:: INFORMATION SHOWN ::
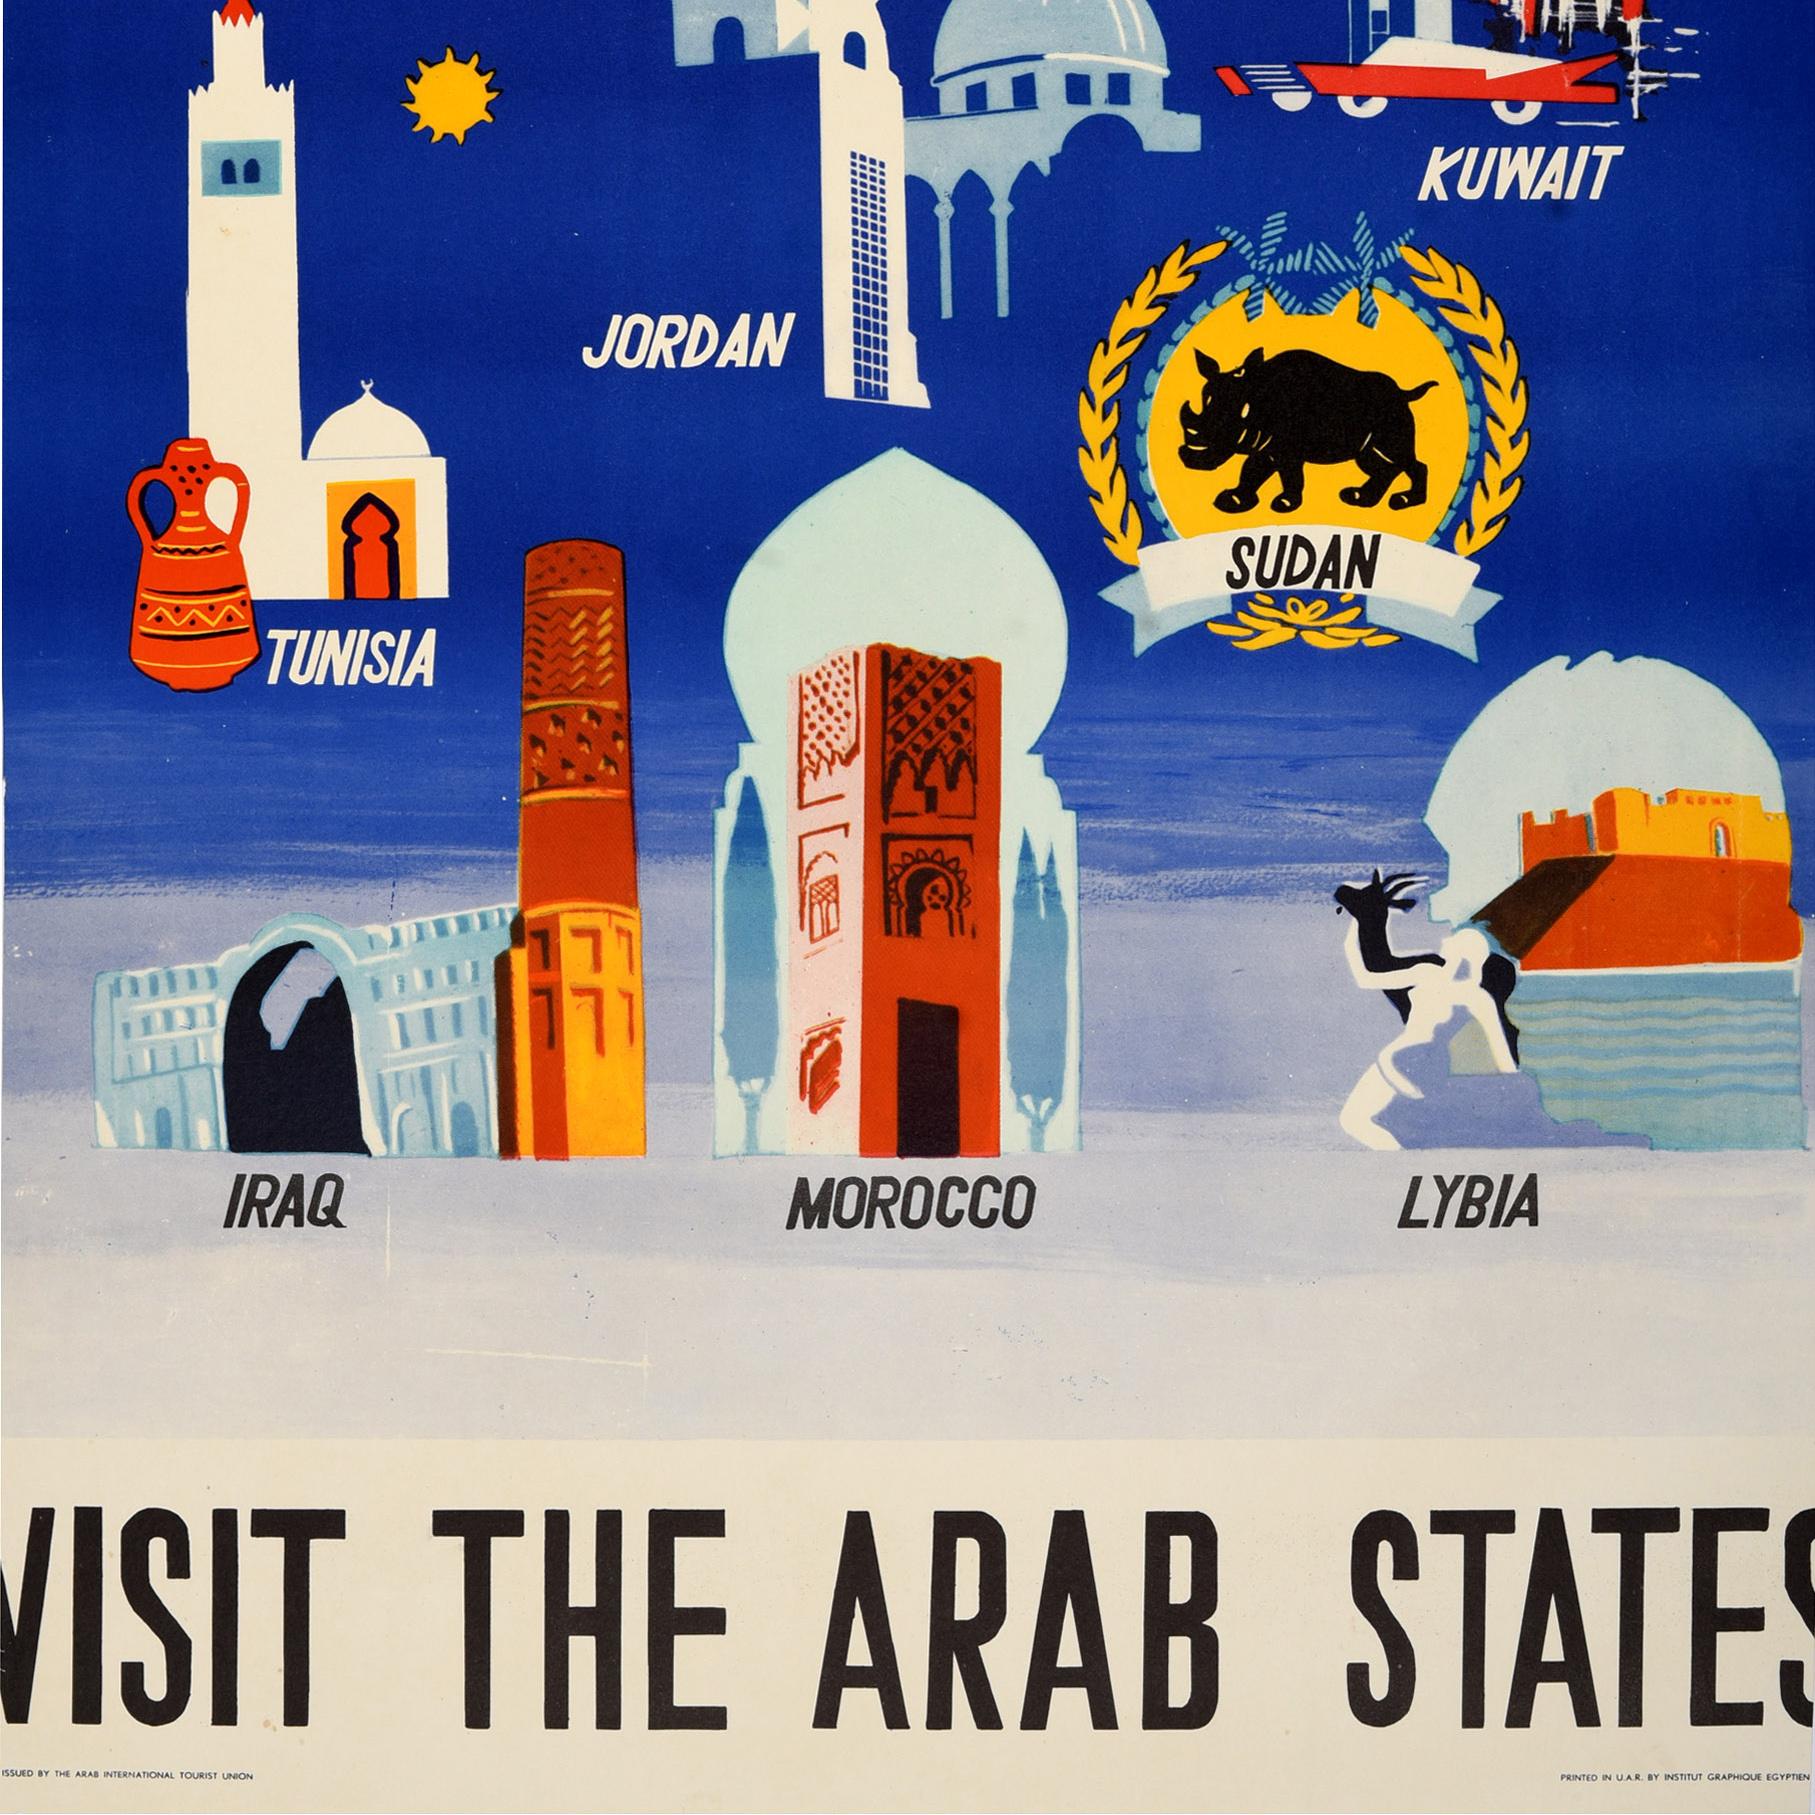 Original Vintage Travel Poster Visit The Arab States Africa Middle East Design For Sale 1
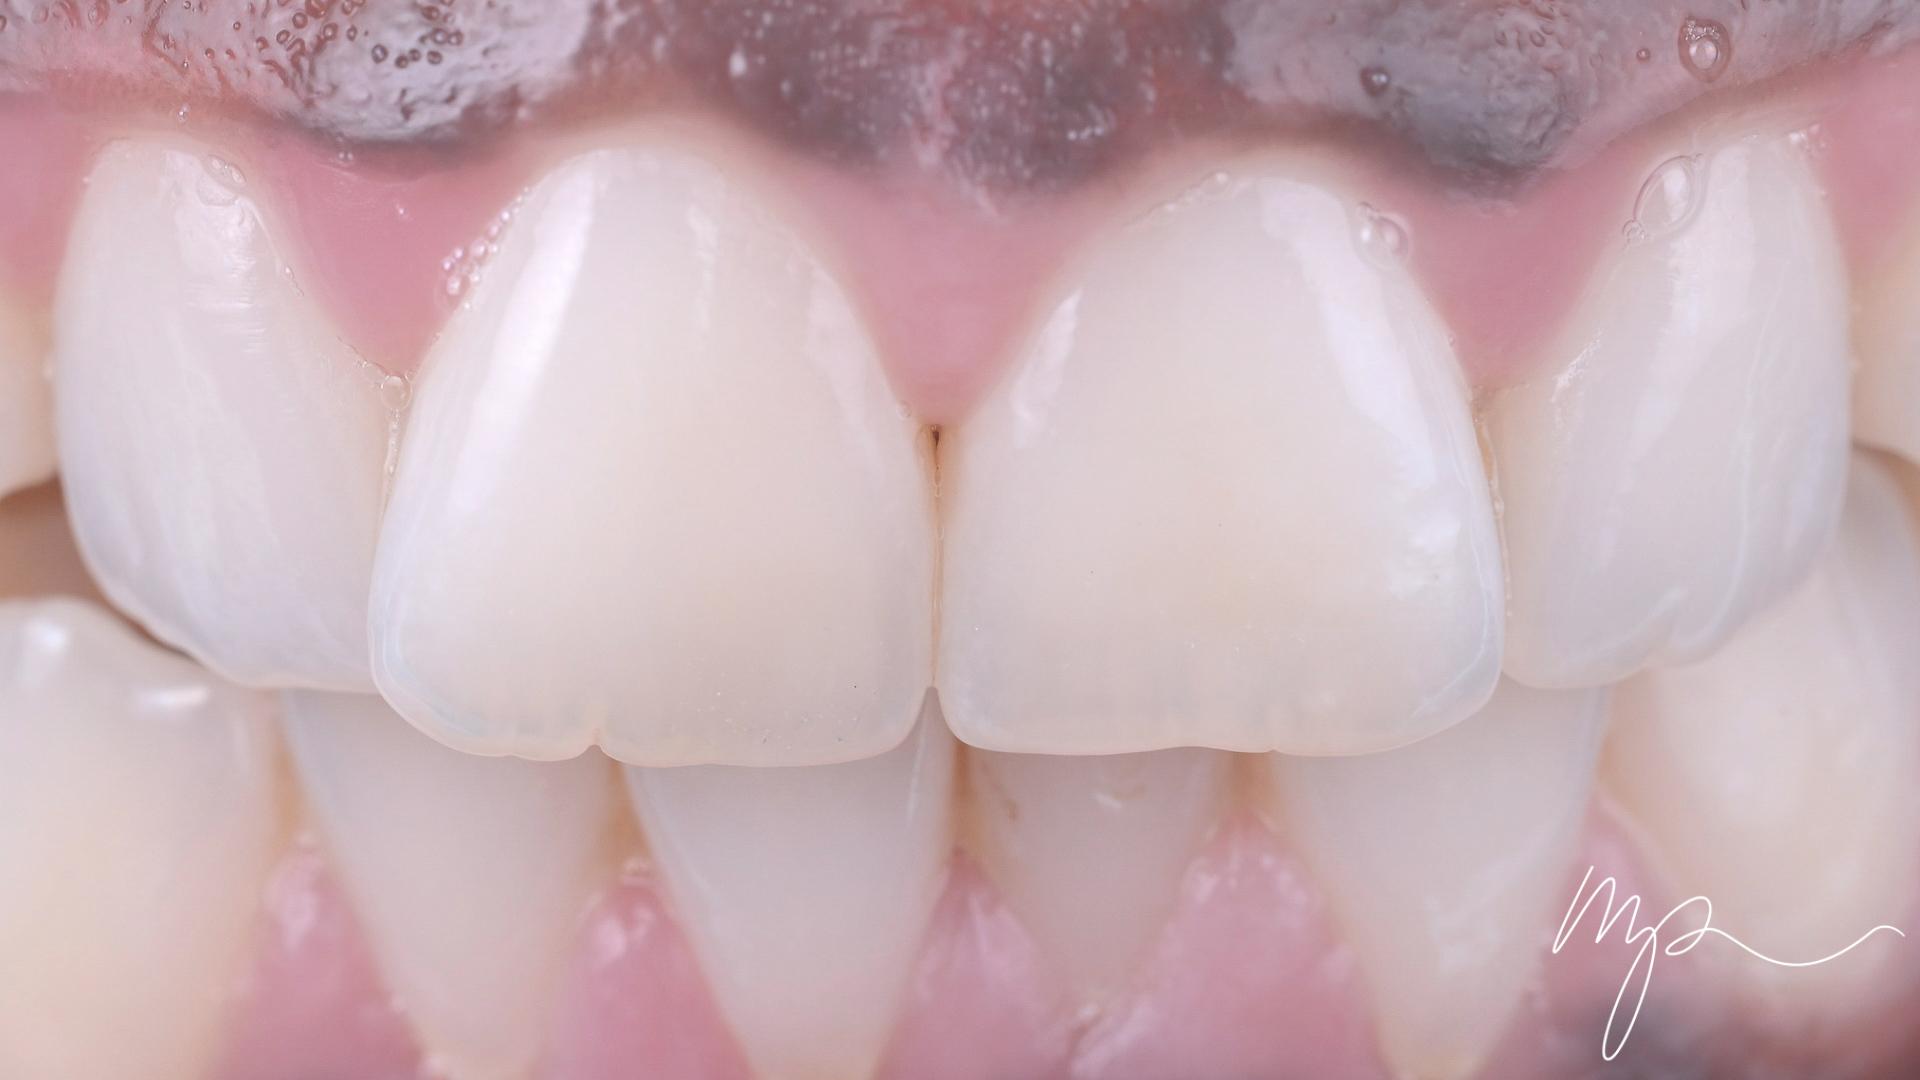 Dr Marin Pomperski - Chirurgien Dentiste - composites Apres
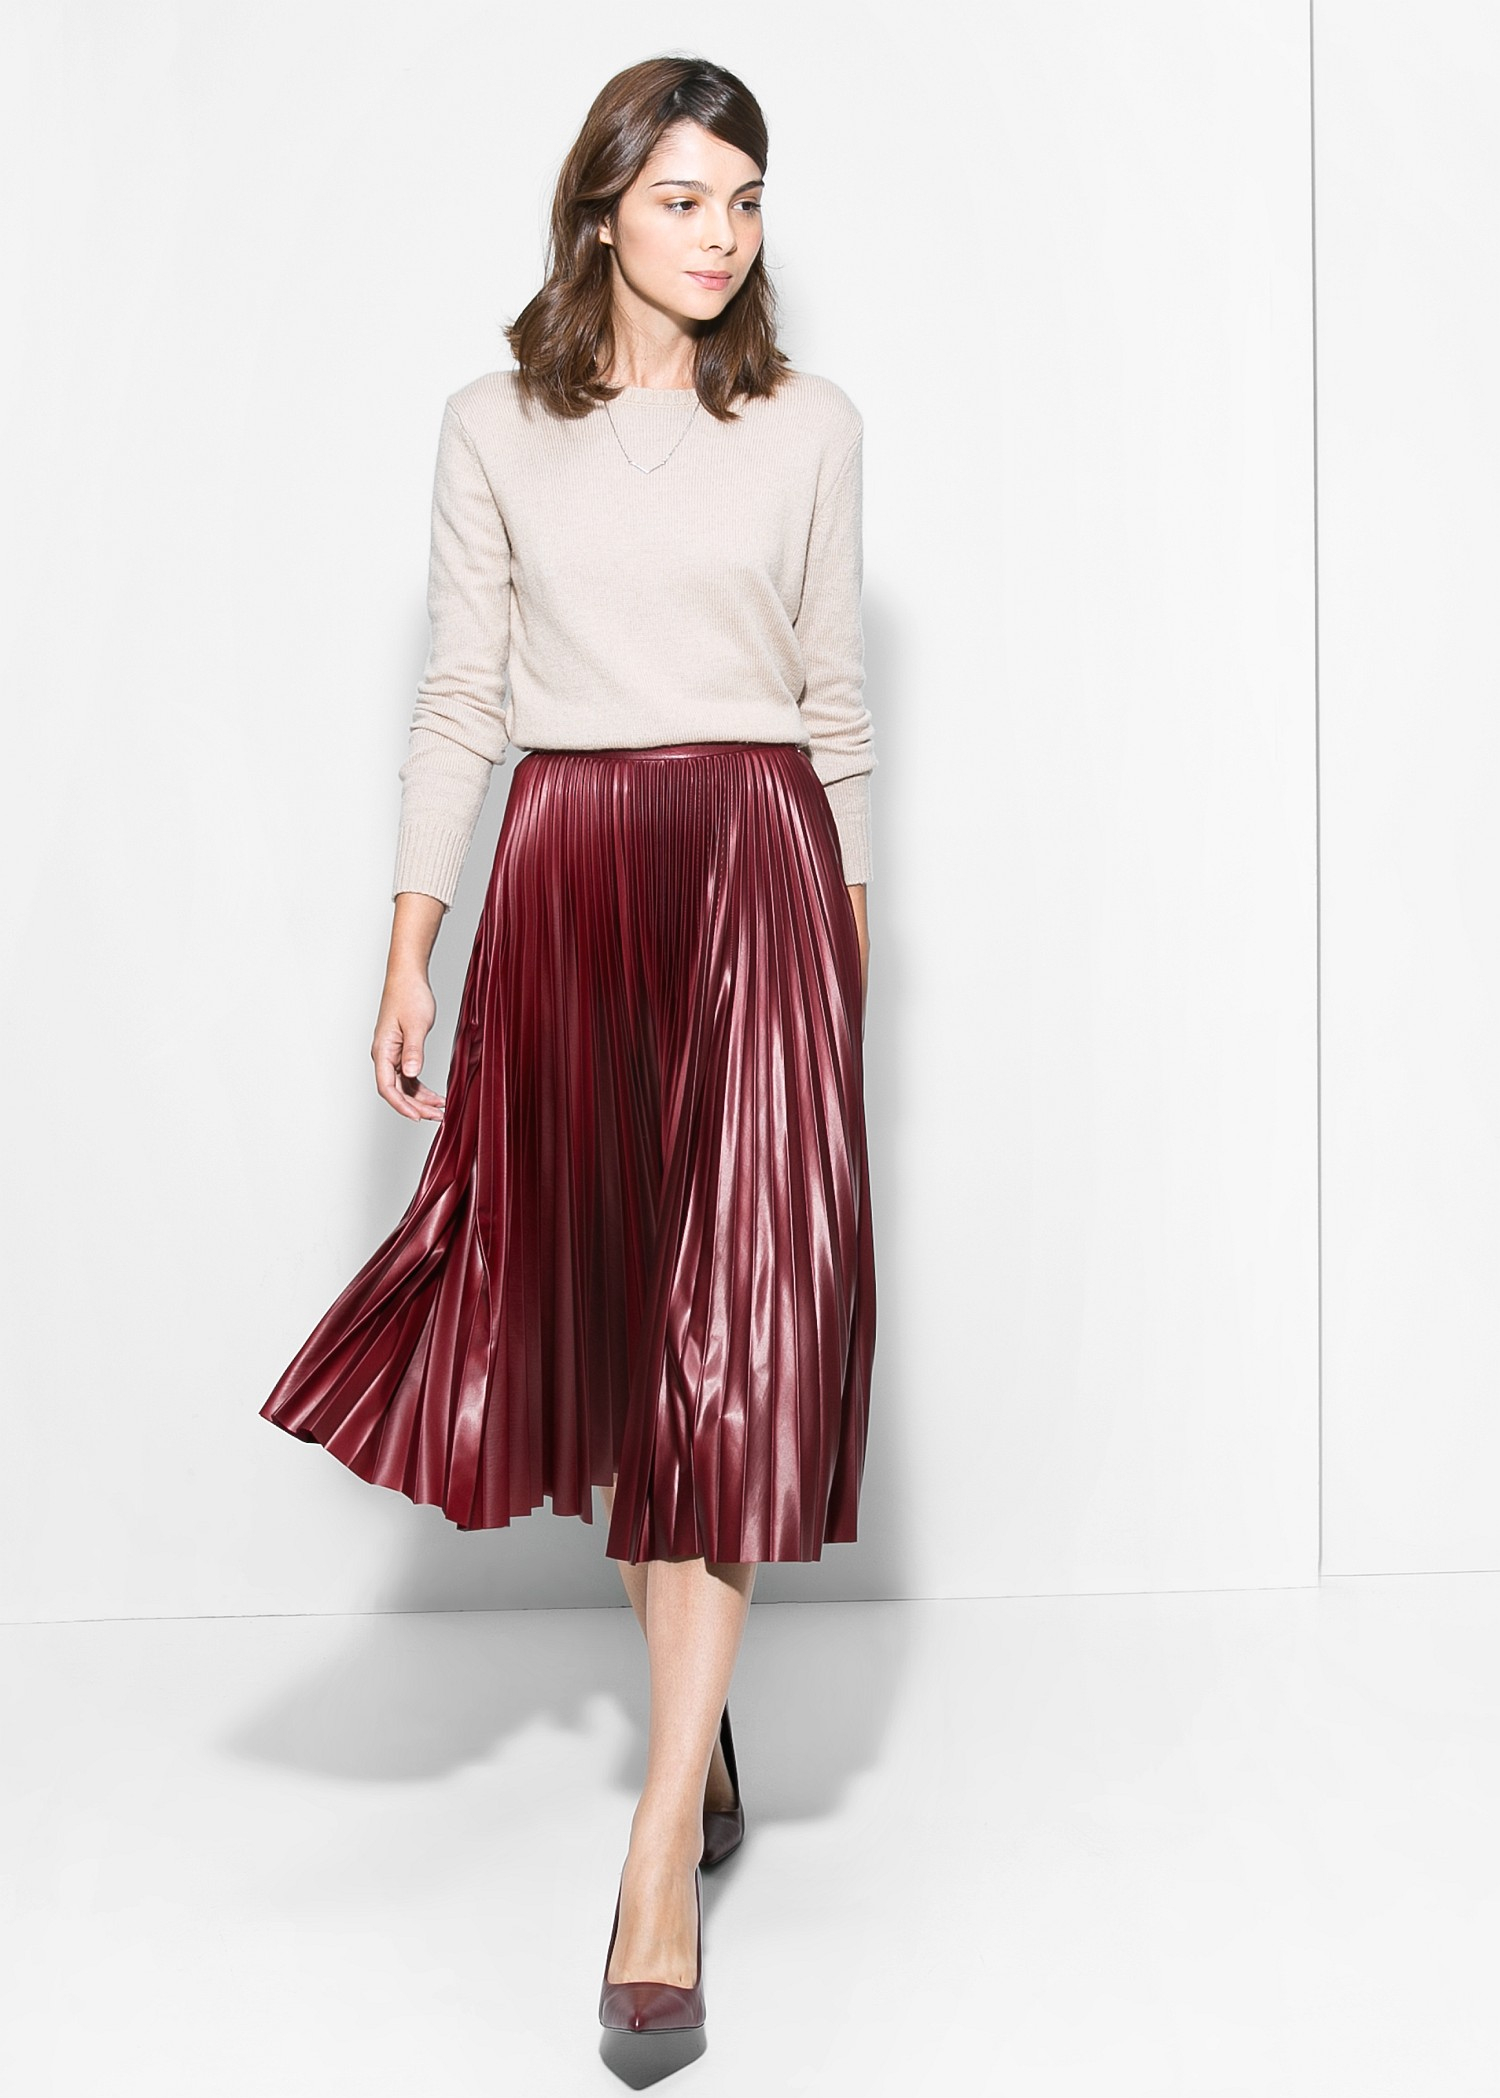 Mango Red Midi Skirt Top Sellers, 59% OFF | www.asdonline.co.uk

:: TRY IT ::
The line containing "Dr Marin Pomperski" and every line after it, through the end of the data, are to be output exactly. Omit the pictures.

:: RESPONSE TO THIS TASK ::
 Dr Marin Pomperski - Chirurgien Dentiste - composites Apres
 Mango Red Midi Skirt Top Sellers, 59% OFF | www.asdonline.co.uk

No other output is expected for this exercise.